Training 100 epochs on a T4 GPU with a 3,000-image dataset takes roughly 45–75 minutes. Ultralytics saves best.pt (highest validation mAP) and last.pt (final epoch) automatically. Always deploy best.pt, not last.pt.

“The difference between a model that reaches 85% mAP and one that stalls at 60% is almost always in the data, not the architecture. More diverse images, better labels, and correct augmentation configuration outperform any hyperparameter change.”

— Consistent finding across dozens of custom YOLOv11 fine-tuning projects

Validating Your Trained Model

Never trust training loss curves alone. Run a proper validation pass against your held-out test set and read each metric carefully before calling a model production-ready.

        python
        validate.py
      
from ultralytics import YOLO

model = YOLO(“runs/train/my_detector/weights/best.pt”)

metrics = model.val(
    data=“data.yaml”,
    split=“test”,     # use the held-out test split
    conf=0.4,
    iou=0.45,
    verbose=True,
)

print(f”mAP@50:      {metrics.box.map50:.4f}”)
print(f”mAP@50-95:  {metrics.box.map:.4f}”)
print(f”Precision:   {metrics.box.mp:.4f}”)
print(f”Recall:      {metrics.box.mr:.4f}”)

# Per-class breakdown
for i, name in model.names.items():
    print(f”  {name}: mAP50={metrics.box.maps[i]:.4f}”)

What to look for in the metrics:

mAP@50

≥0.80

Mean Average Precision at 50% IoU overlap. The headline metric. Below 0.70 for a production use case usually means more training data is needed.

mAP@50-95

≥0.55

Averaged across IoU thresholds 0.50–0.95. Penalizes loose bounding boxes. Important when precise localization matters (robotics, medical).

Precision

≥0.85

Of all predicted boxes, how many were correct. Low precision means false alarms — the model fires on things that aren’t there.

Recall

≥0.80

Of all real objects, how many were found. Low recall means missed detections — objects that were there but the model didn’t report.

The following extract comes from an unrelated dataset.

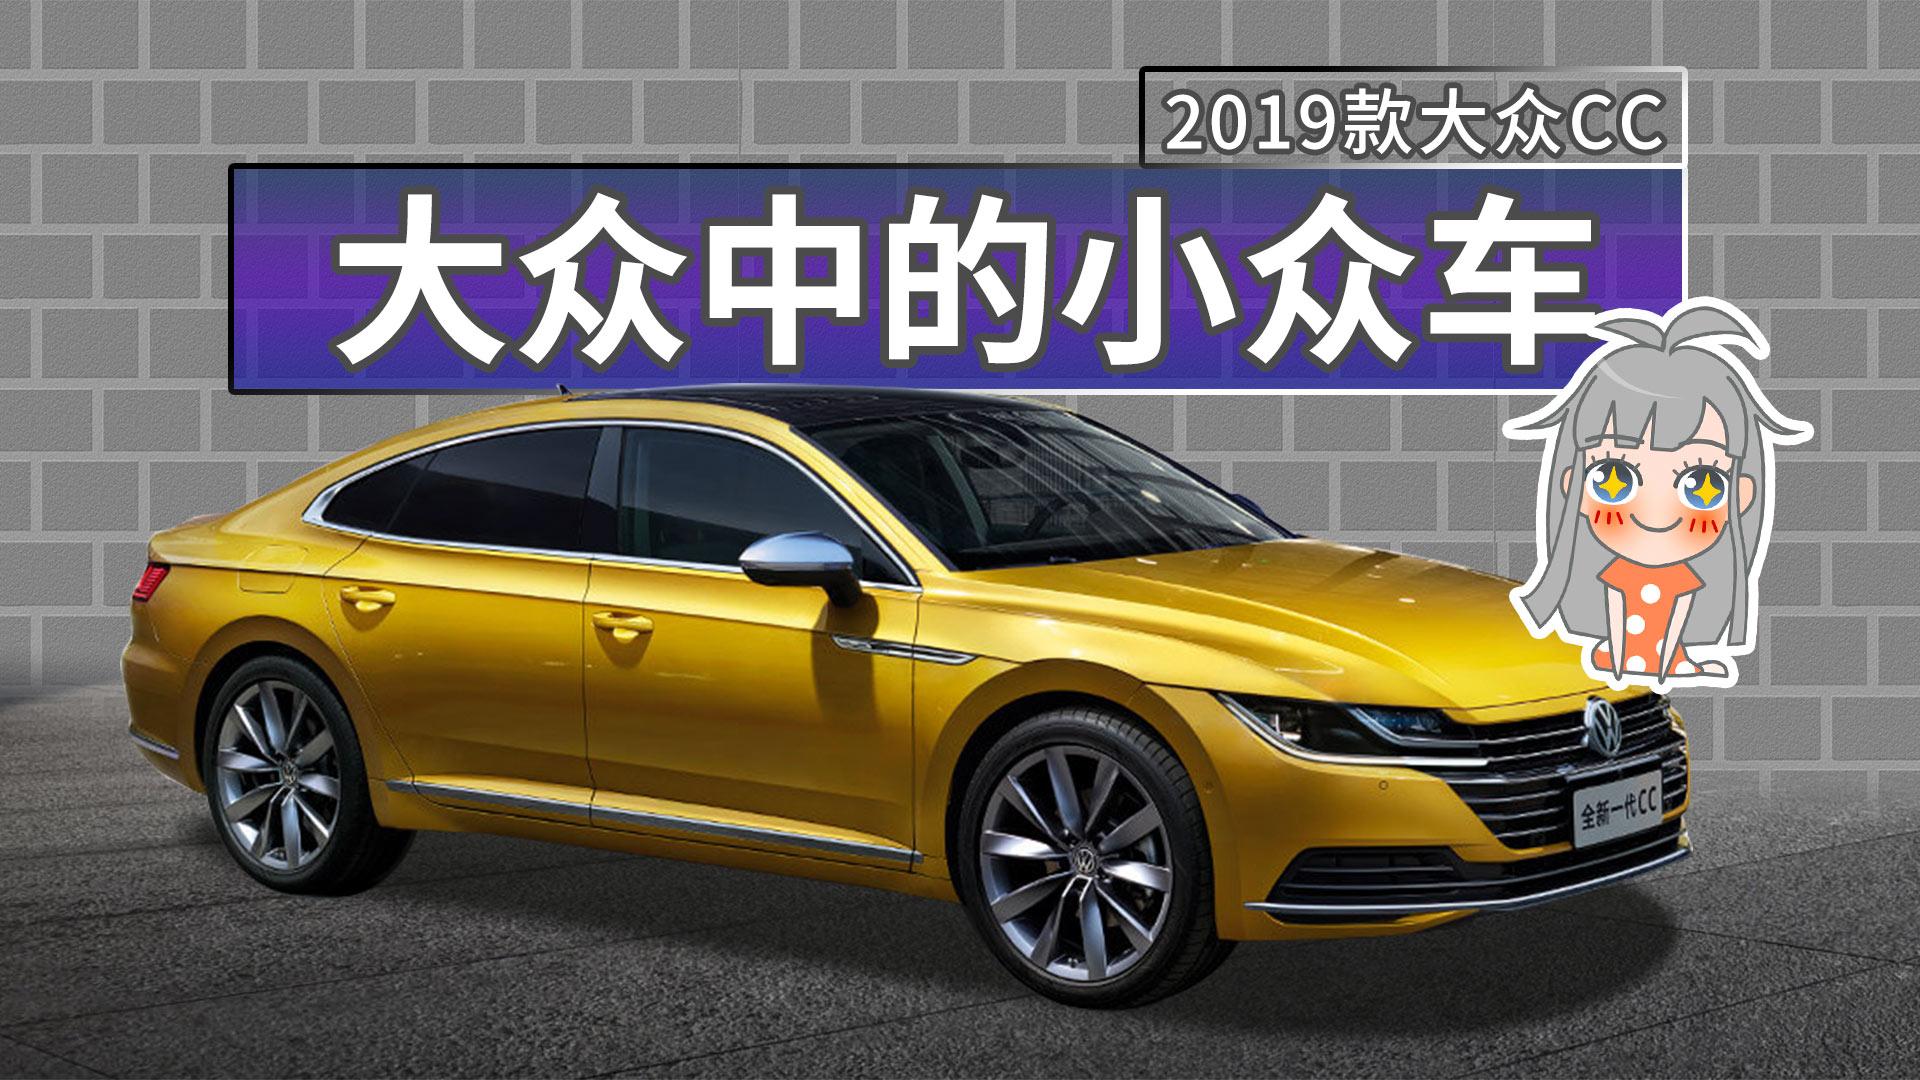 【购车300秒】小众的大众车 2019款大众CC车型解析

Precision and recall sit in tension: lowering your confidence threshold finds more objects (better recall) but also more false positives (worse precision). Set the threshold for your use case — a security system tolerates false alarms better than a medical device does.

Exporting Your Model for Deployment

The .pt PyTorch weights file requires PyTorch at runtime. For production deployments, export to a format that removes that dependency and runs faster in inference-only mode.

        python
        export.py
      
from ultralytics import YOLO

model = YOLO(“runs/train/my_detector/weights/best.pt”)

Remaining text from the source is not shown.